═════ Extracted material ═════

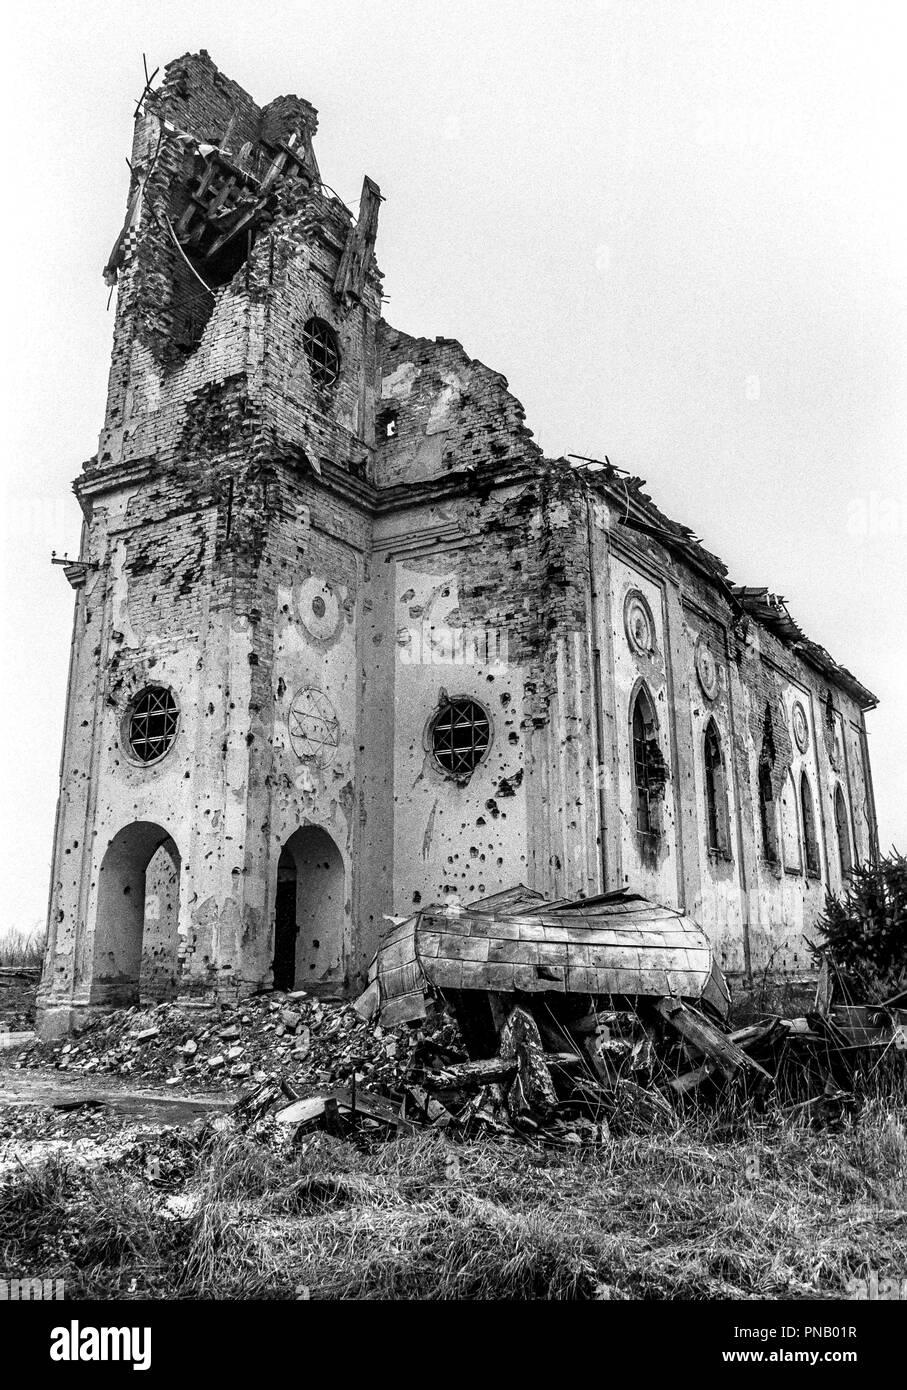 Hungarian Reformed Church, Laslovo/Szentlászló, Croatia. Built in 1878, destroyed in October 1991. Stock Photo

═════
═════ Extracted material ═════

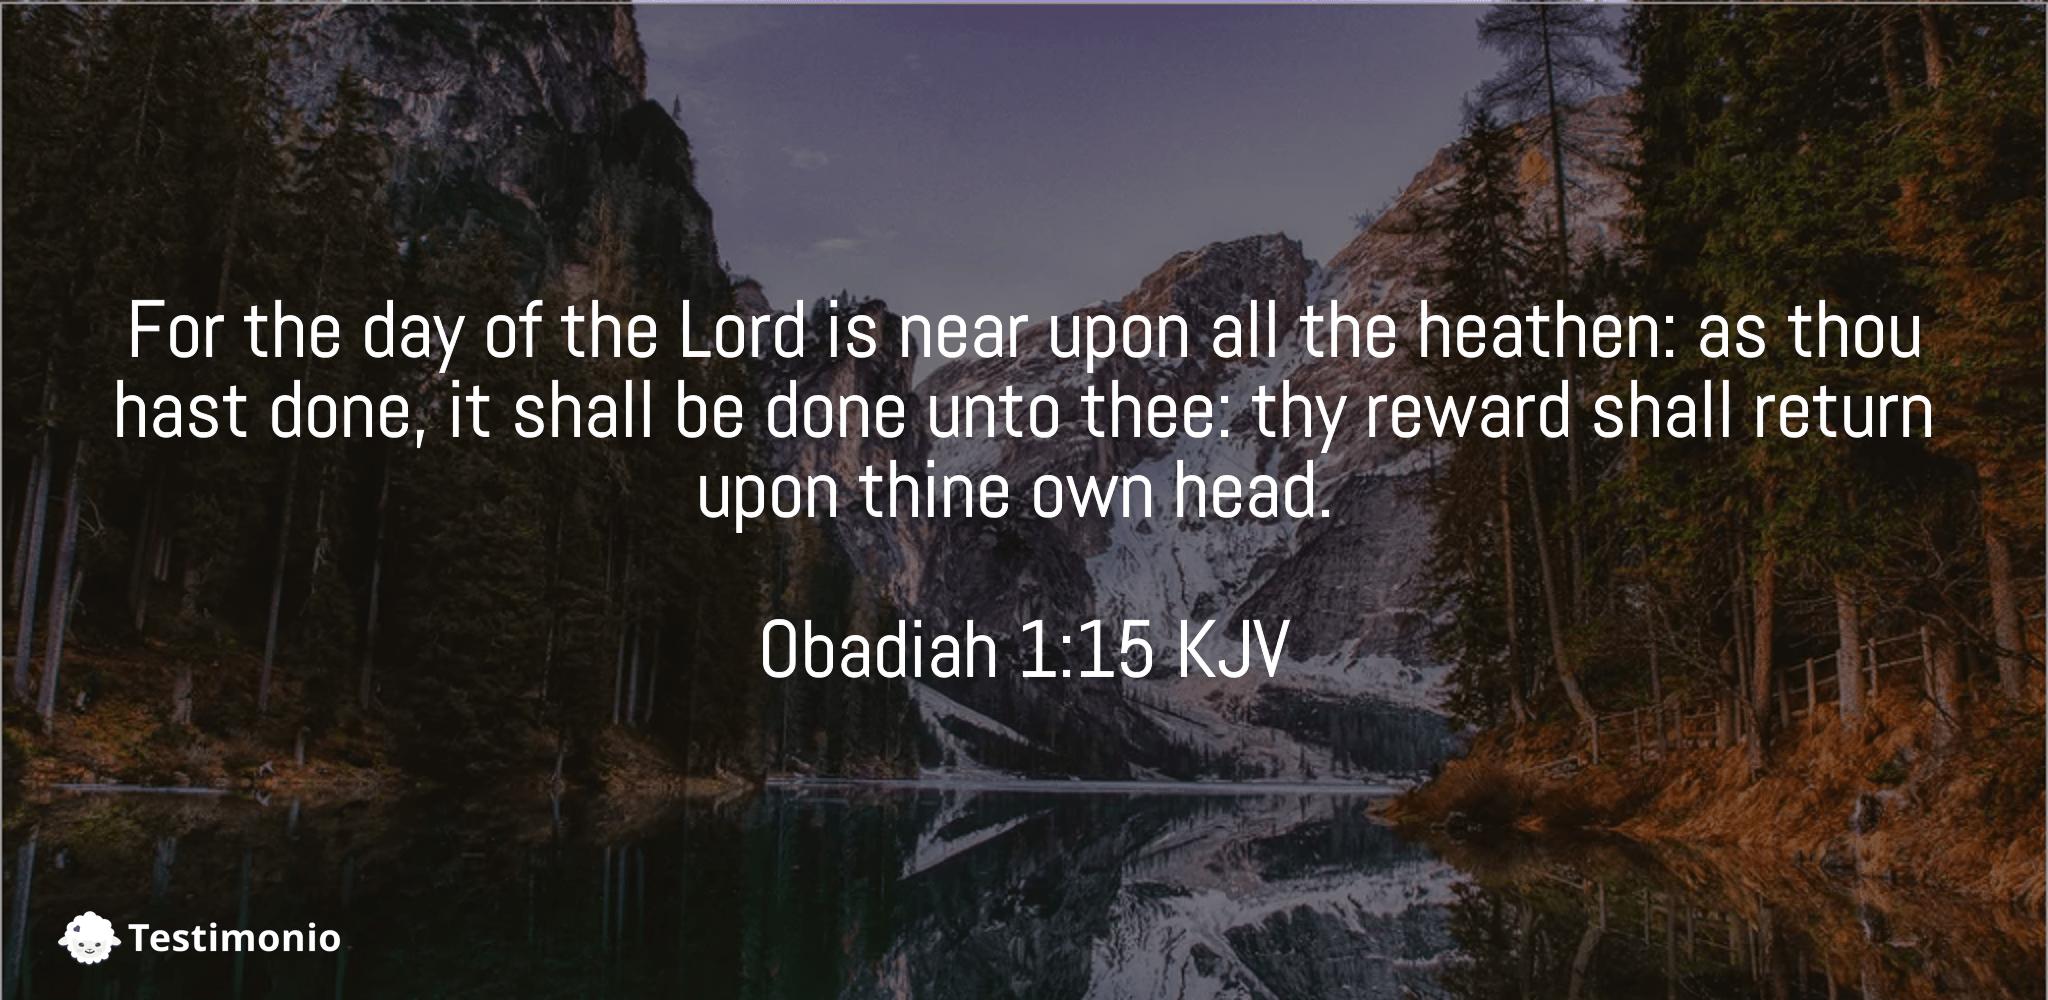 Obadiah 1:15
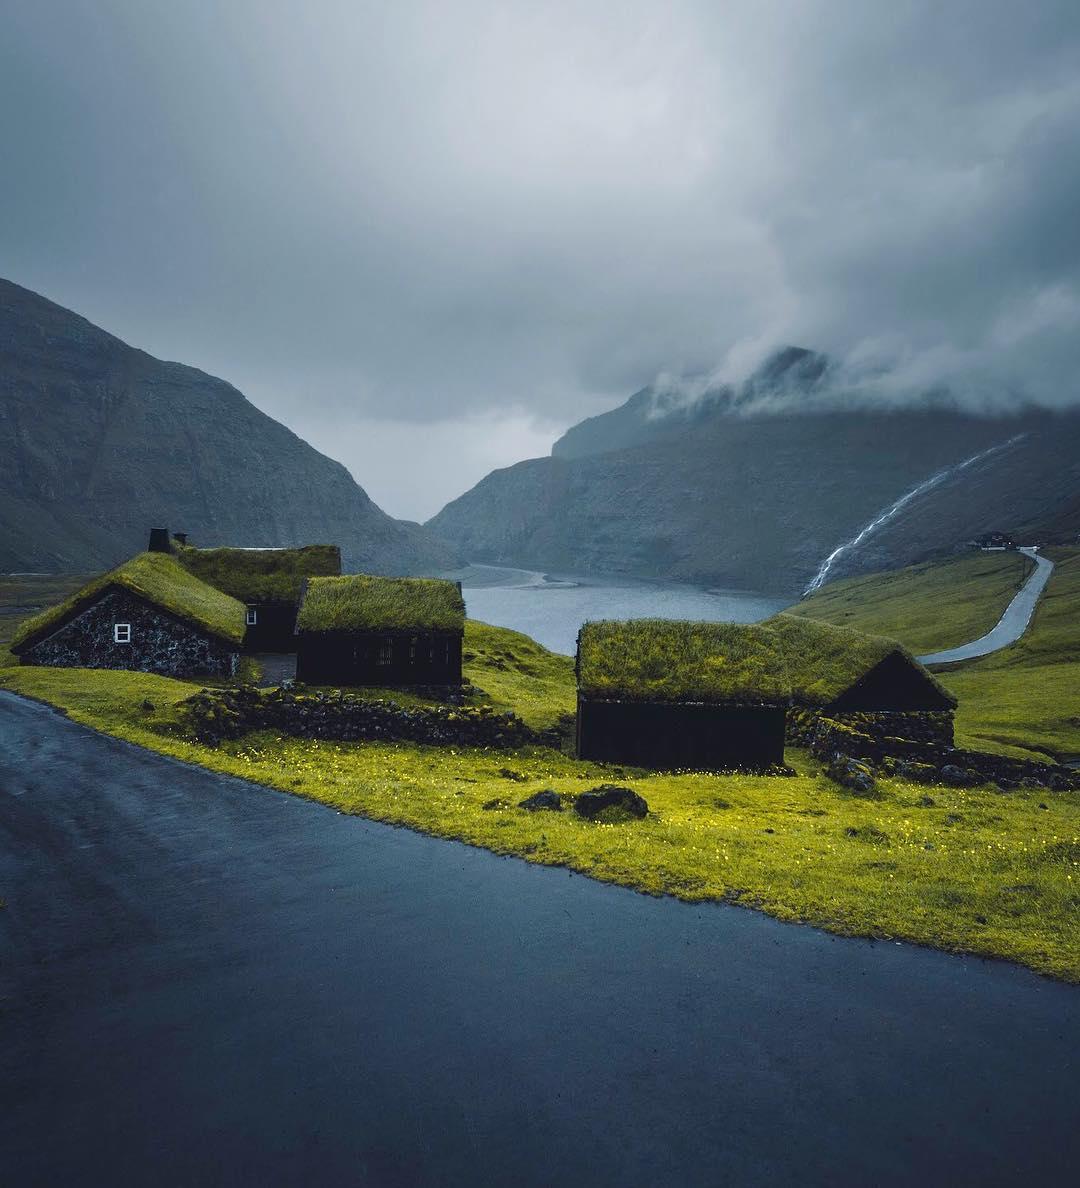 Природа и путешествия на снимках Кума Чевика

═════

Work instructions:
Your answer is the exact run of lines above from the one with "Obadiah 1:15" through the one with "Природа и путешествия на снимках Кума Чевика", both ends included, minus any picture.

Your response:
 Obadiah 1:15
 Природа и путешествия на снимках Кума Чевика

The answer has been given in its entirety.